**** The data
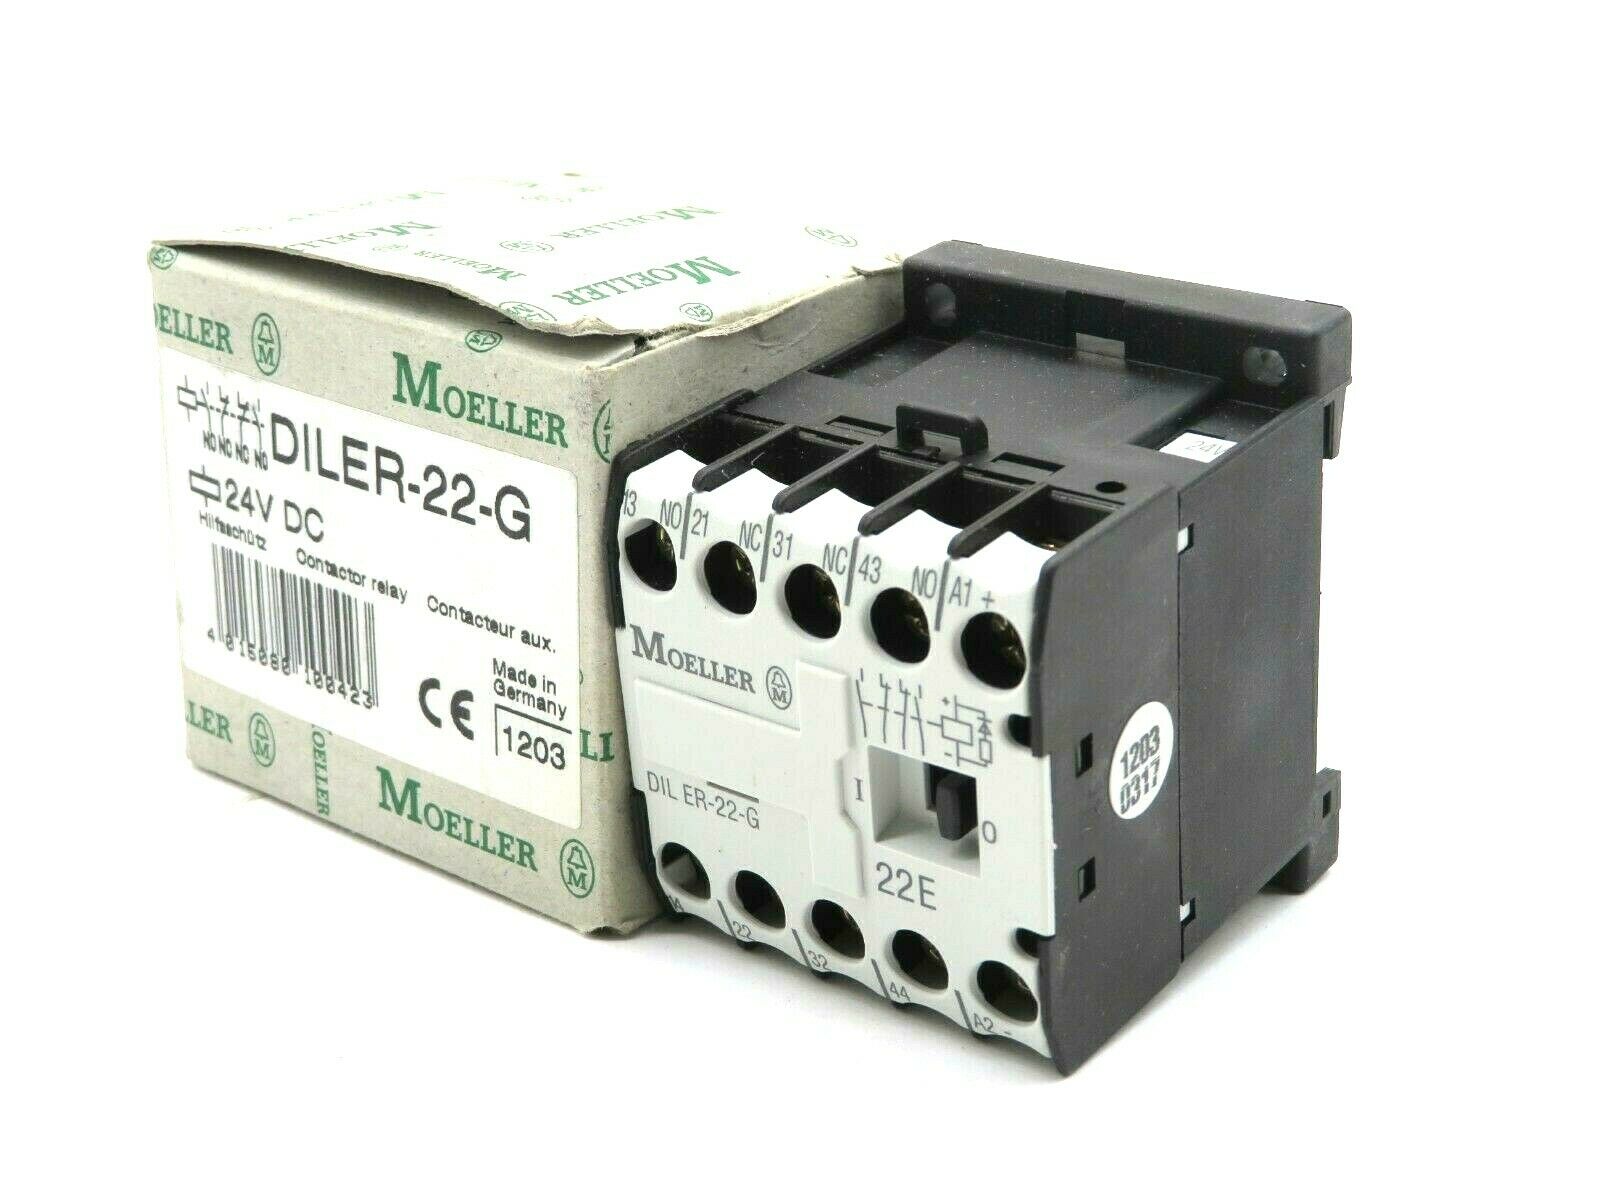 Moeller contactor relay DIL ER-22-G Auxiliary Contactor Relay Contactor 24V DC 6A 22E 
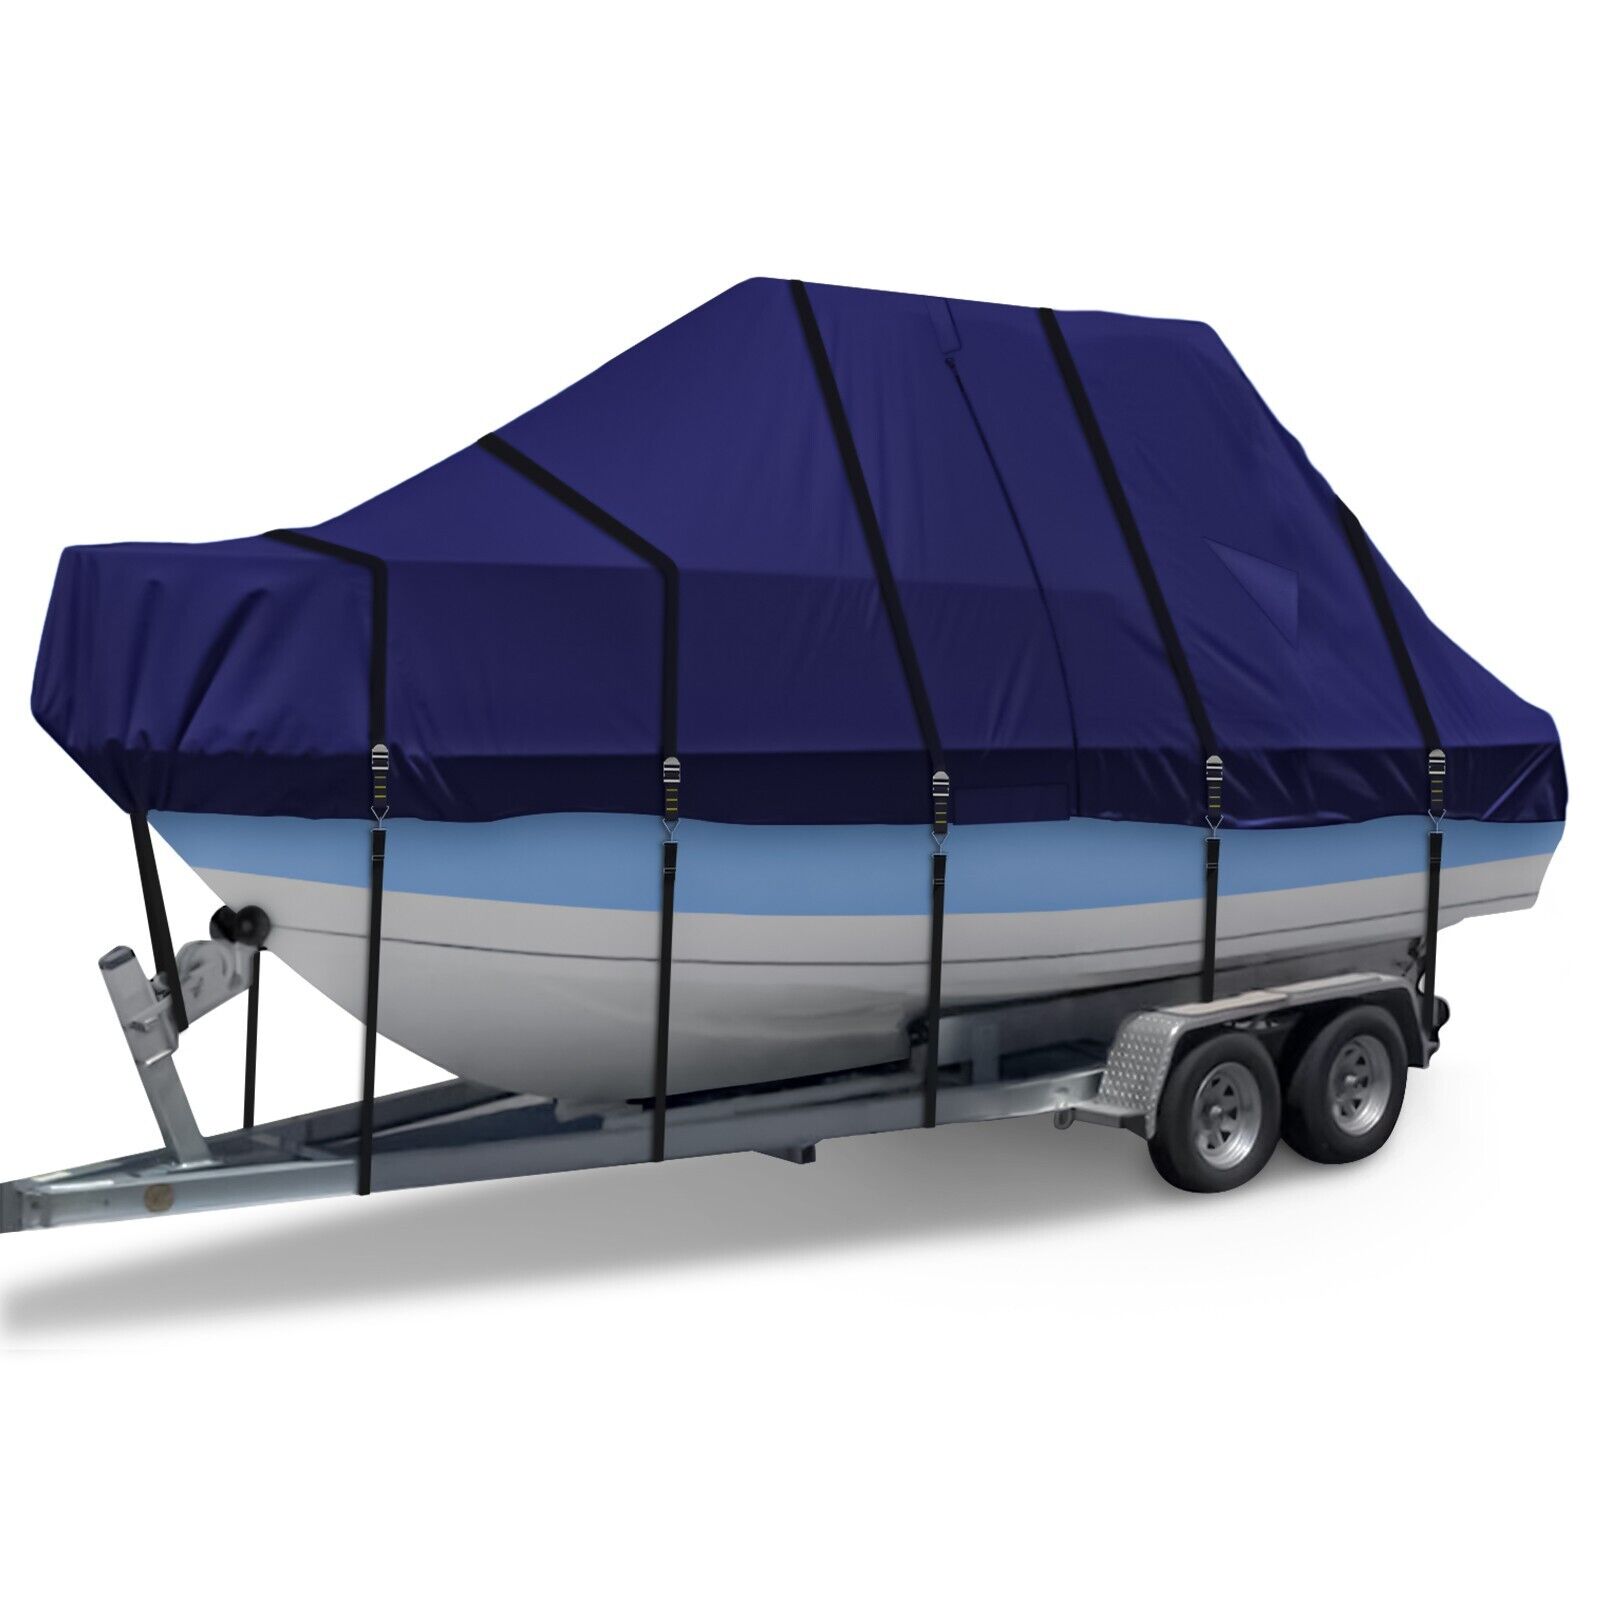 900D Trailerable T Top Boat Cover, Waterproof Center Console Boat Cover, Navy
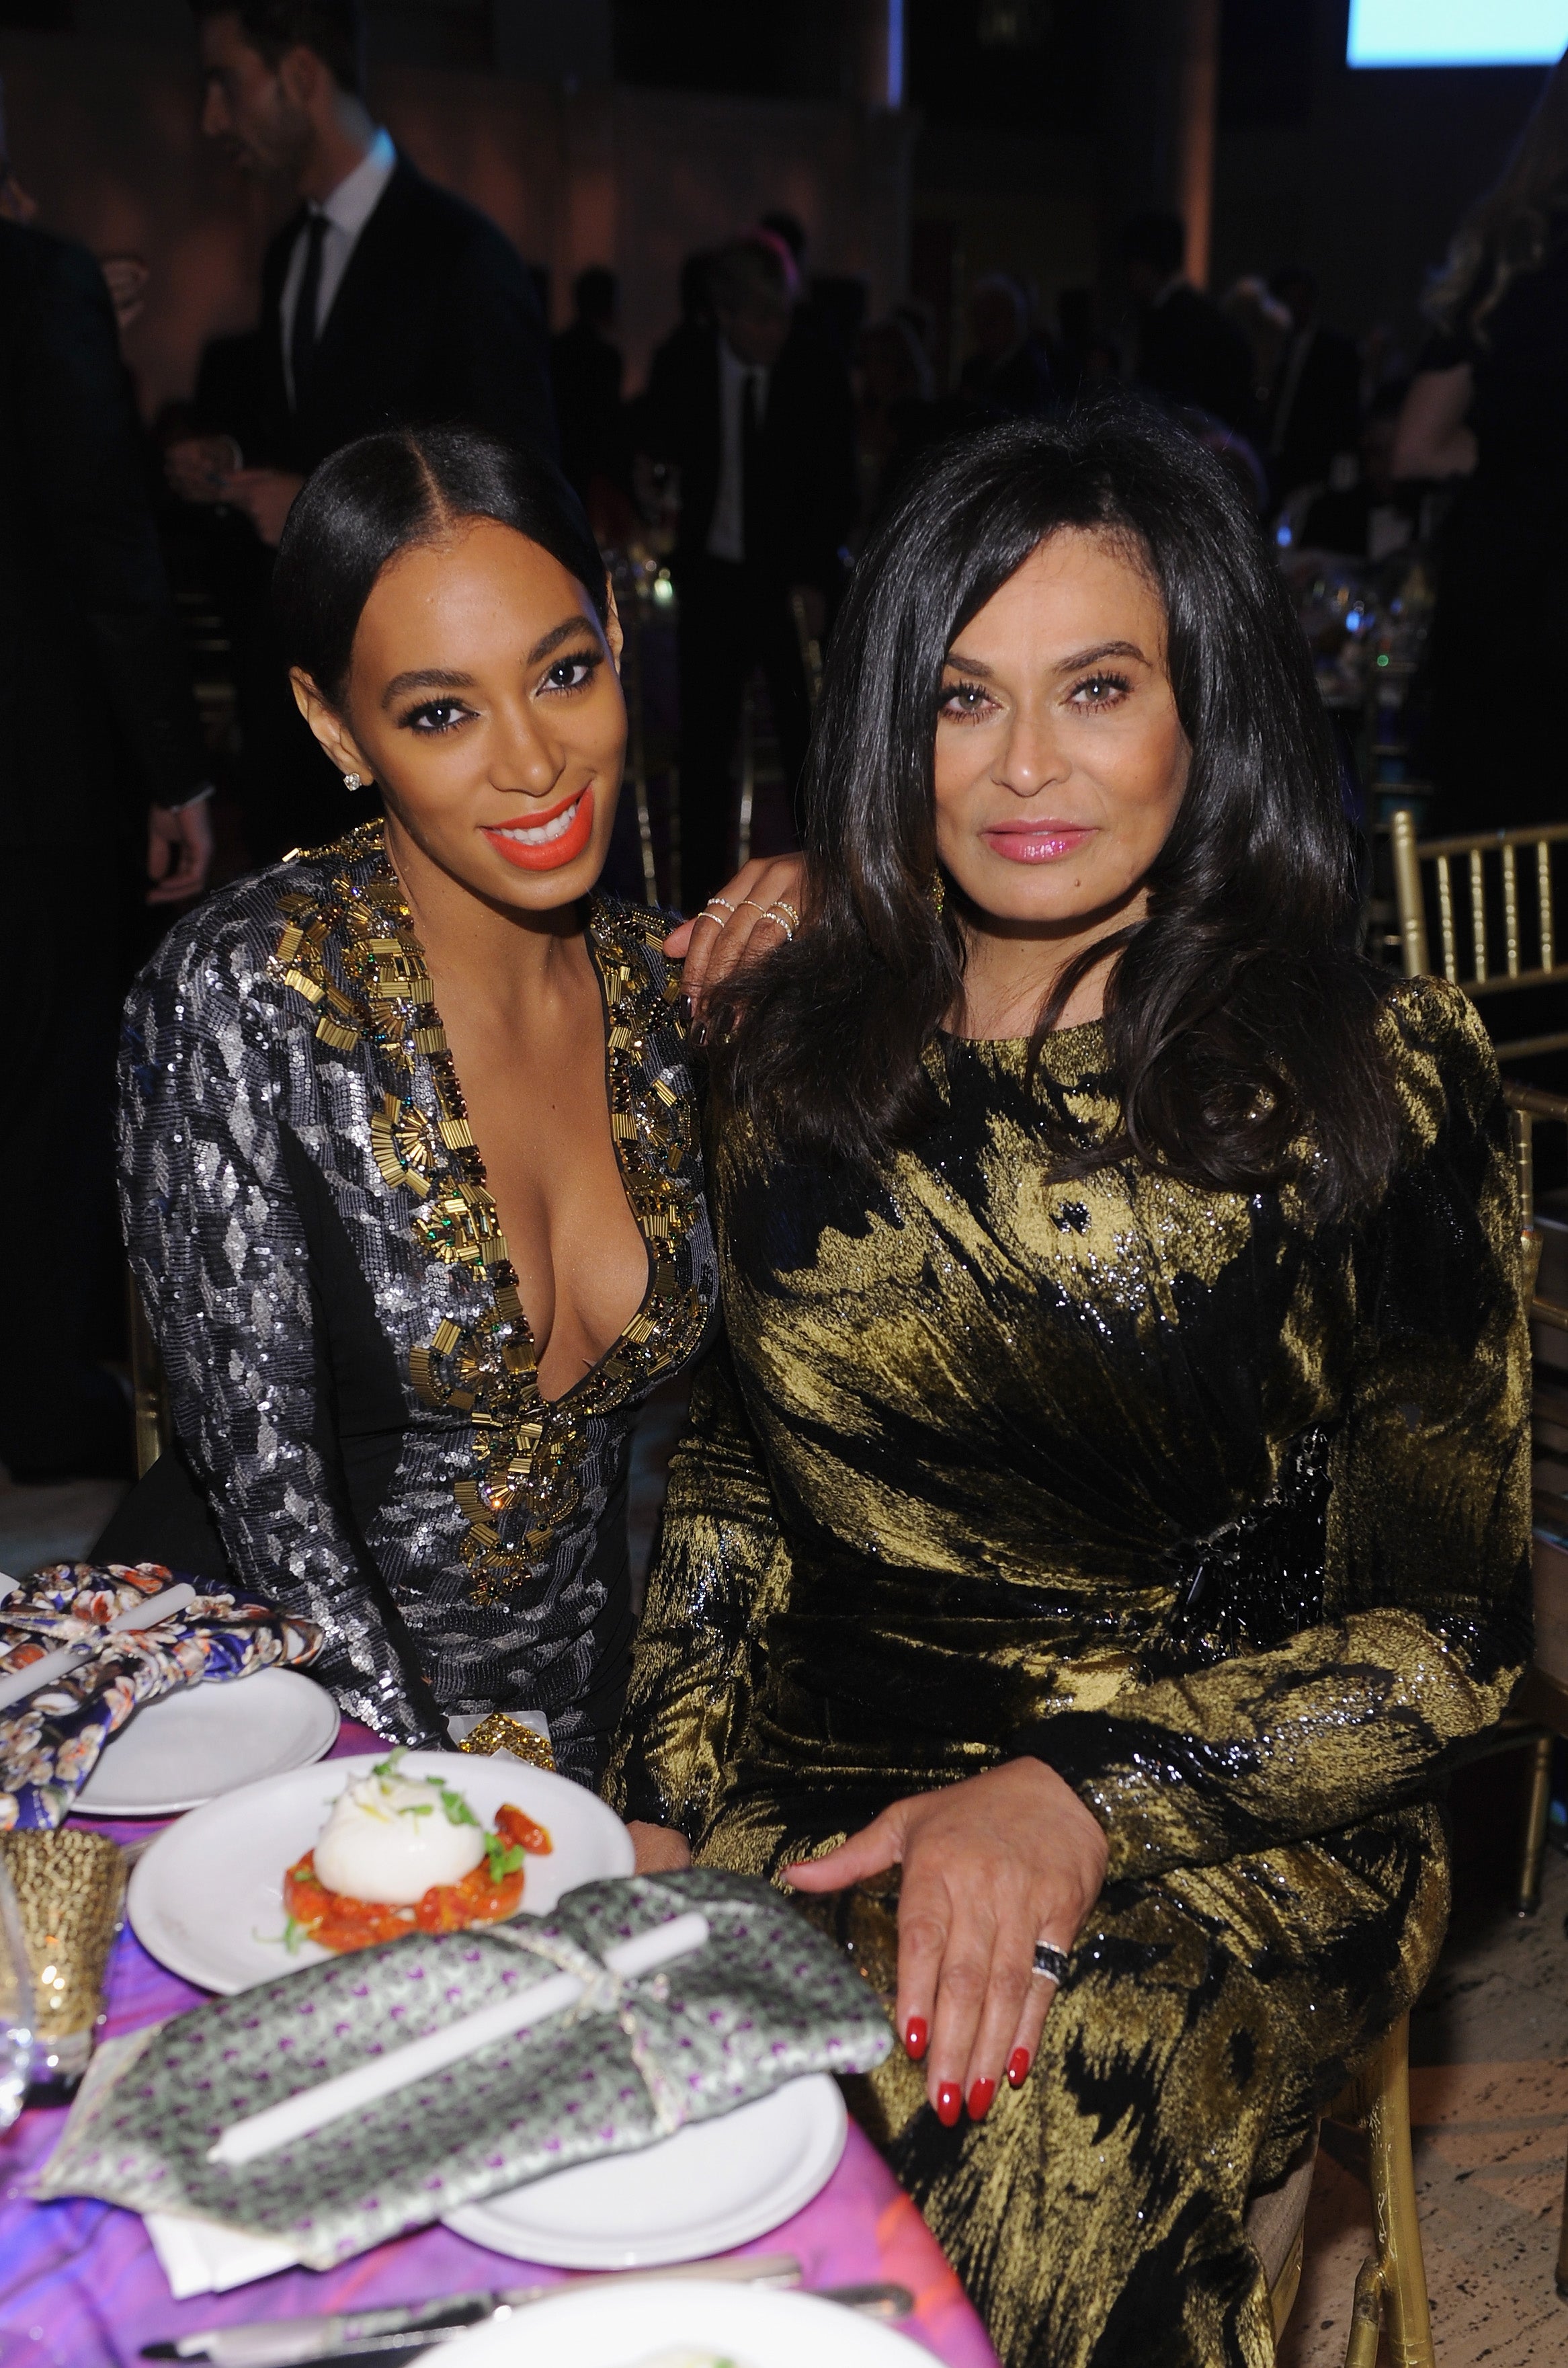 Tina Lawson Reminds us That Solange Has Always Been a Style Trendsetter
********
§ **What this task involves**:
Omit all pictures, and repeat exactly the lines from the line containing "900D Trailerable T" through the end of the data.

§ **Answer space**:
 900D Trailerable T Top Boat Cover, Waterproof Center Console Boat Cover, Navy
 Tina Lawson Reminds us That Solange Has Always Been a Style Trendsetter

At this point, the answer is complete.